BEGIN Provided records
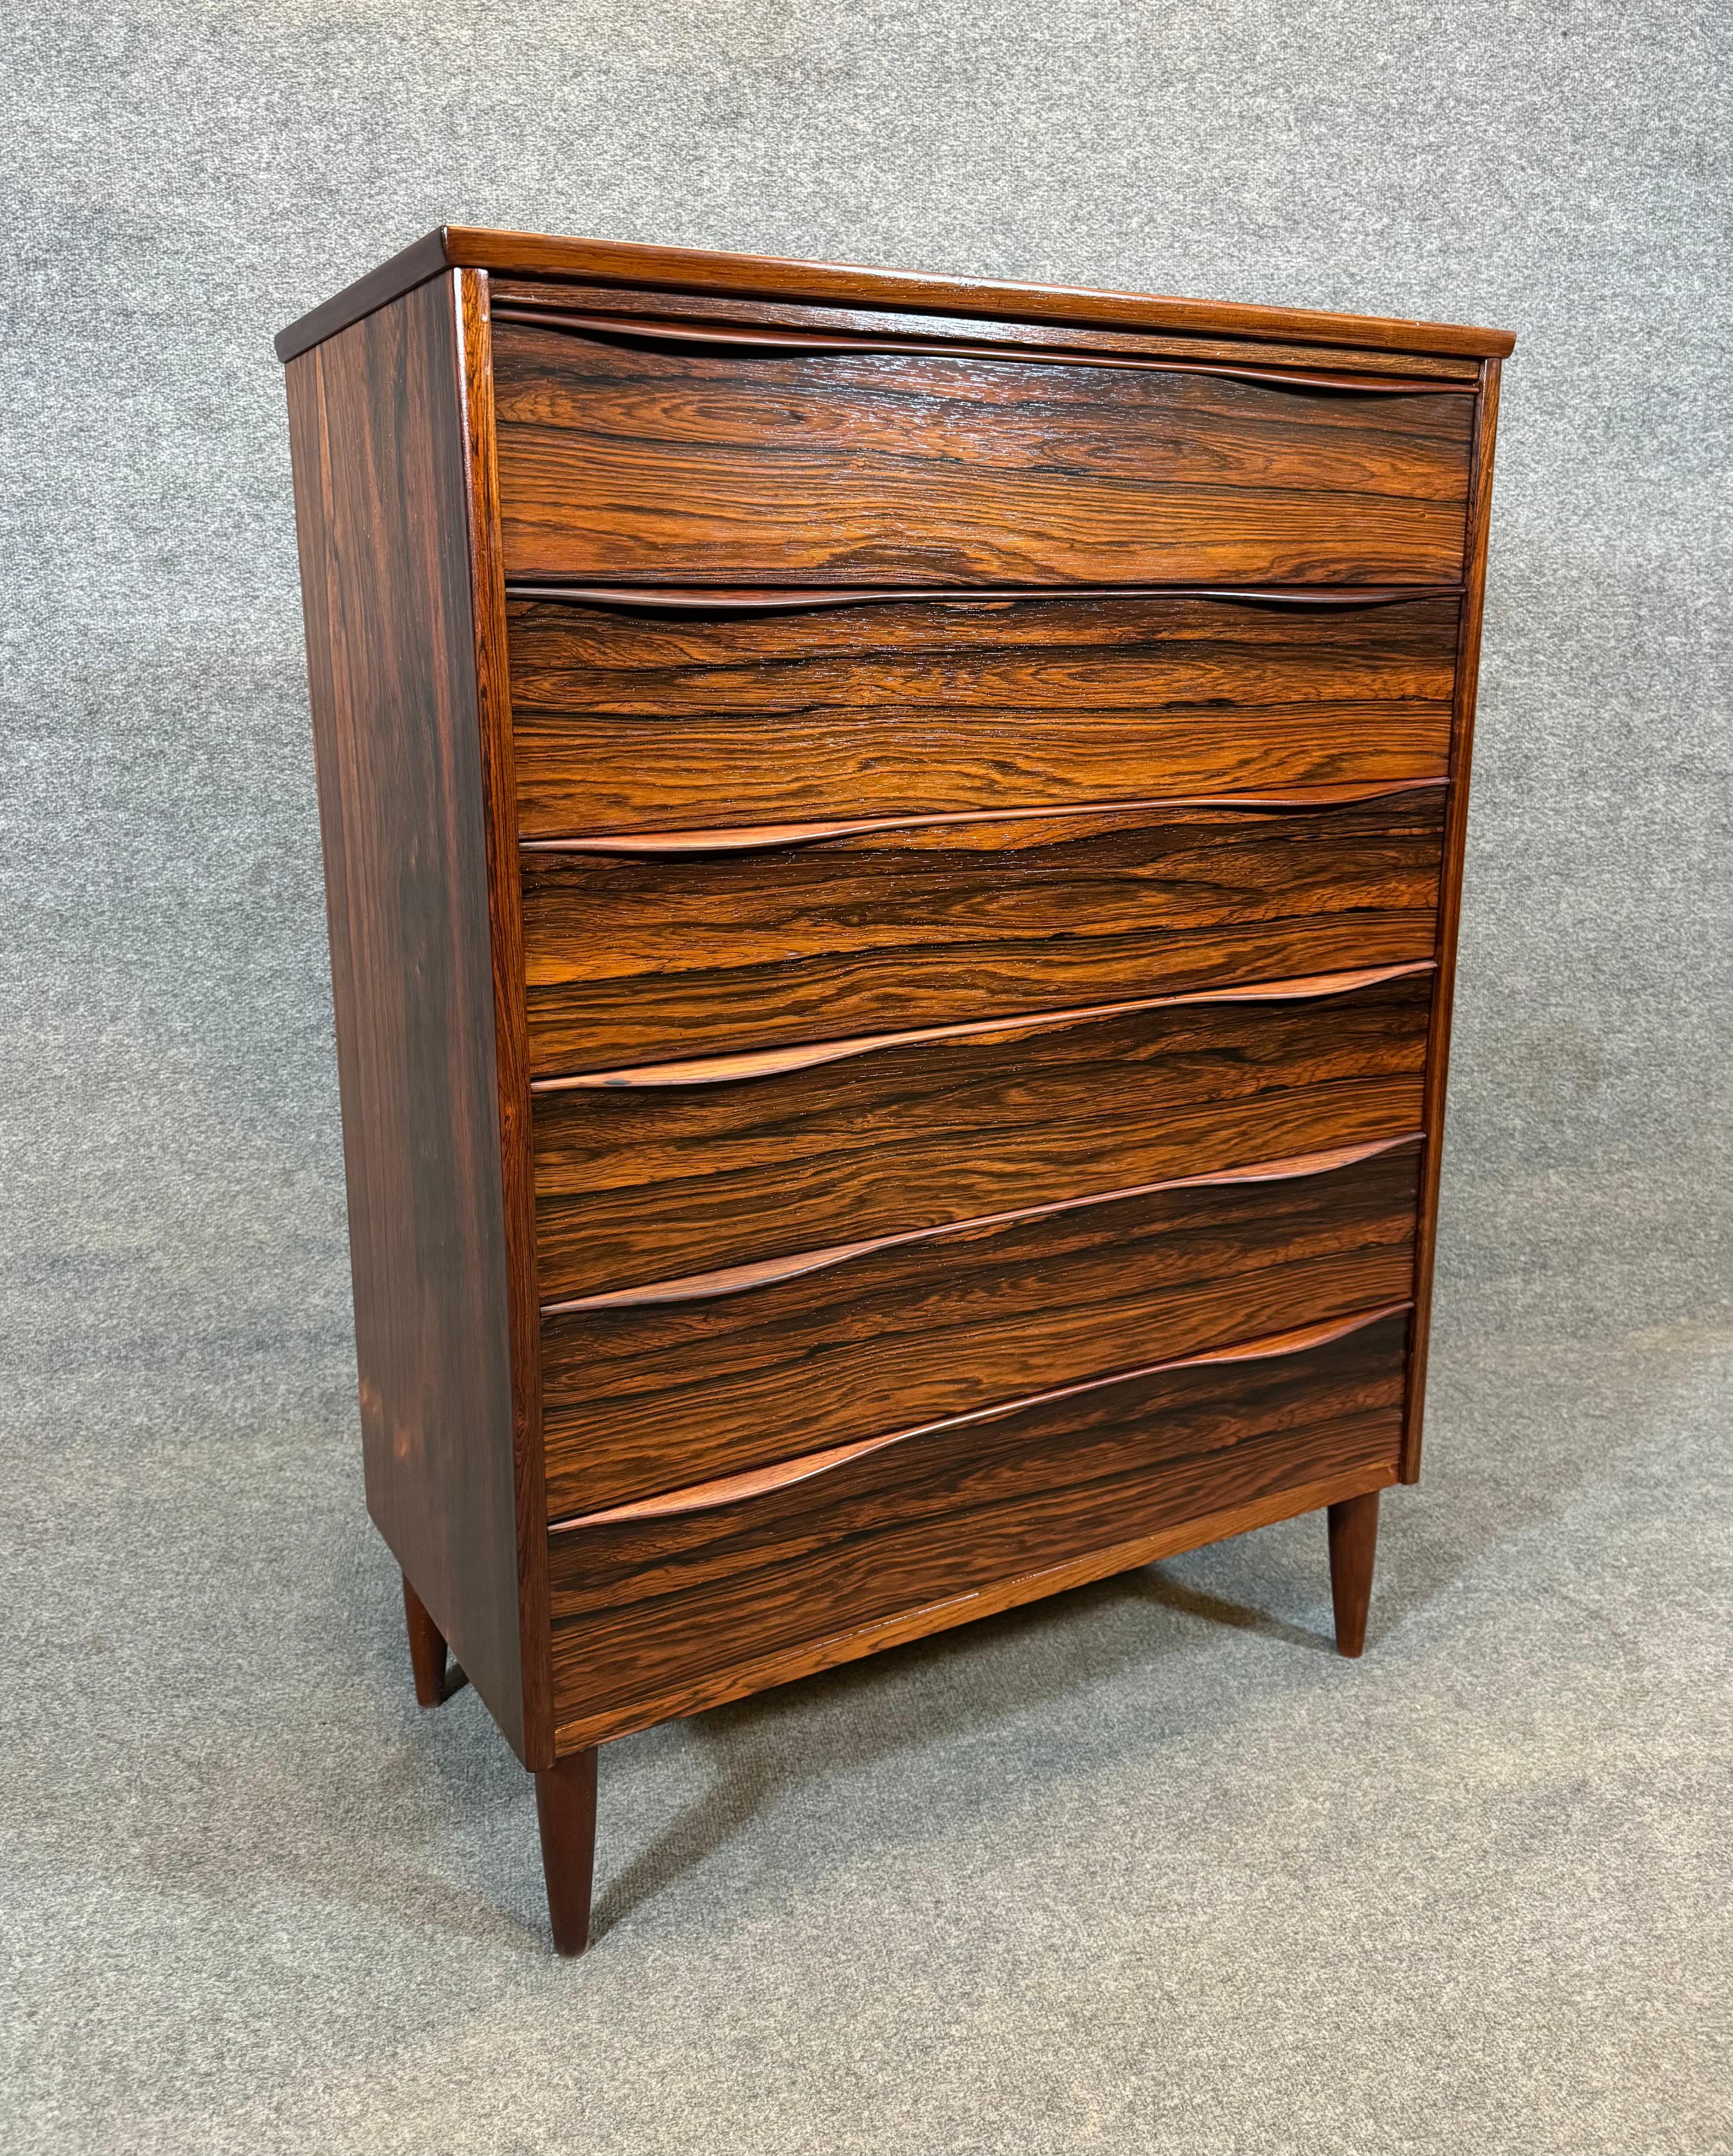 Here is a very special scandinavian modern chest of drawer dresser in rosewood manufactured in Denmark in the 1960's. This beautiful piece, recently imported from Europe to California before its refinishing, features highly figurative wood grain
END Provided records
BEGIN Provided records
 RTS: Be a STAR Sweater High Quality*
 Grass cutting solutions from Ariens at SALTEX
END Provided records
BEGIN Provided records
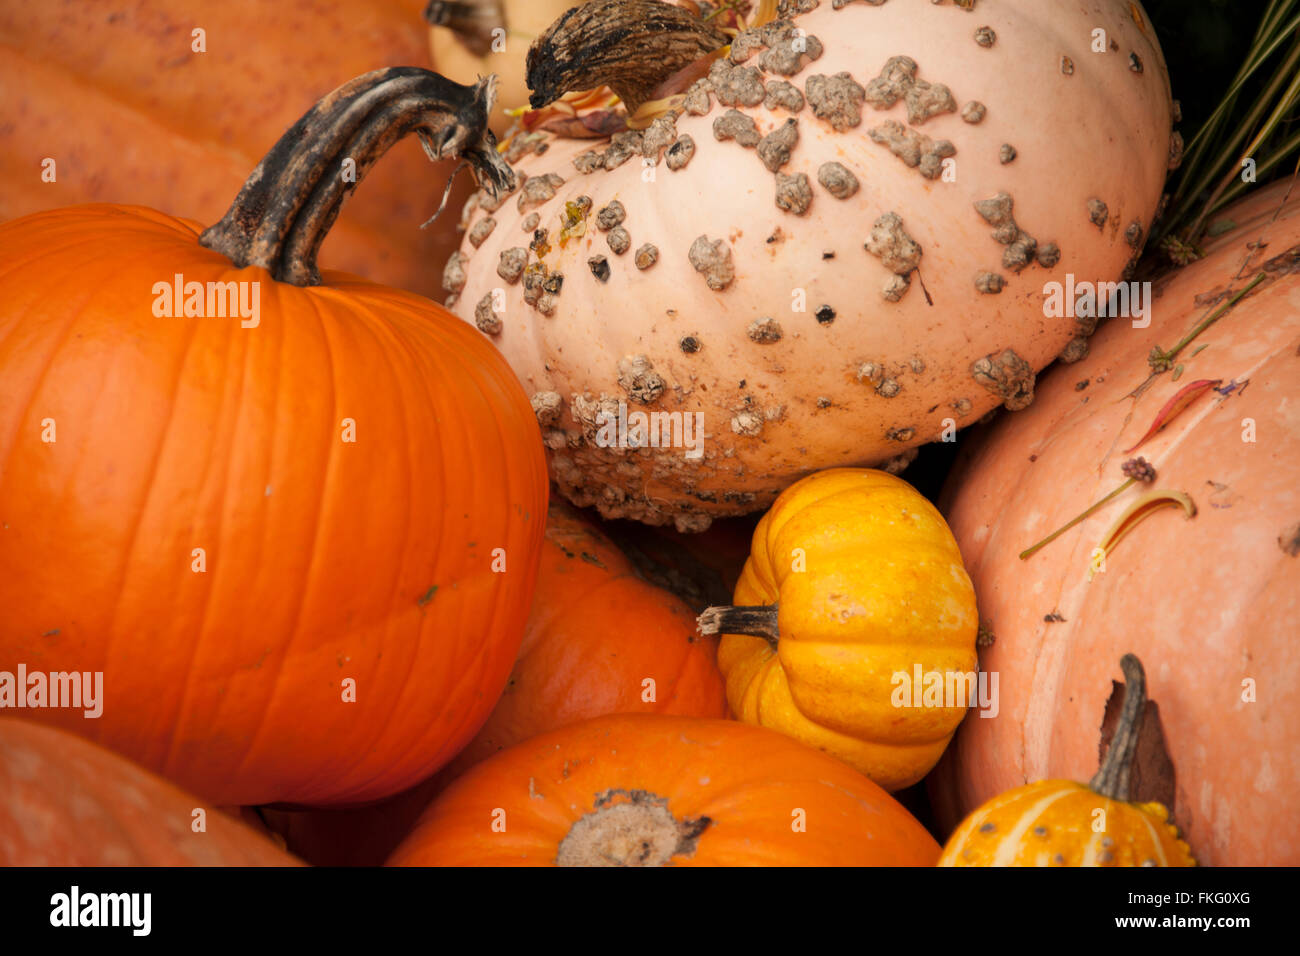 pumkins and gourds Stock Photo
END Provided records
_What the task asks_
Return a word-for-word copy of the lines above from the one holding "RTS: Be a STAR Sweater High Quality*" through the one holding "Grass cutting solutions", with both of them included and nothing besides.

_Your solution_
 RTS: Be a STAR Sweater High Quality*
 Grass cutting solutions from Ariens at SALTEX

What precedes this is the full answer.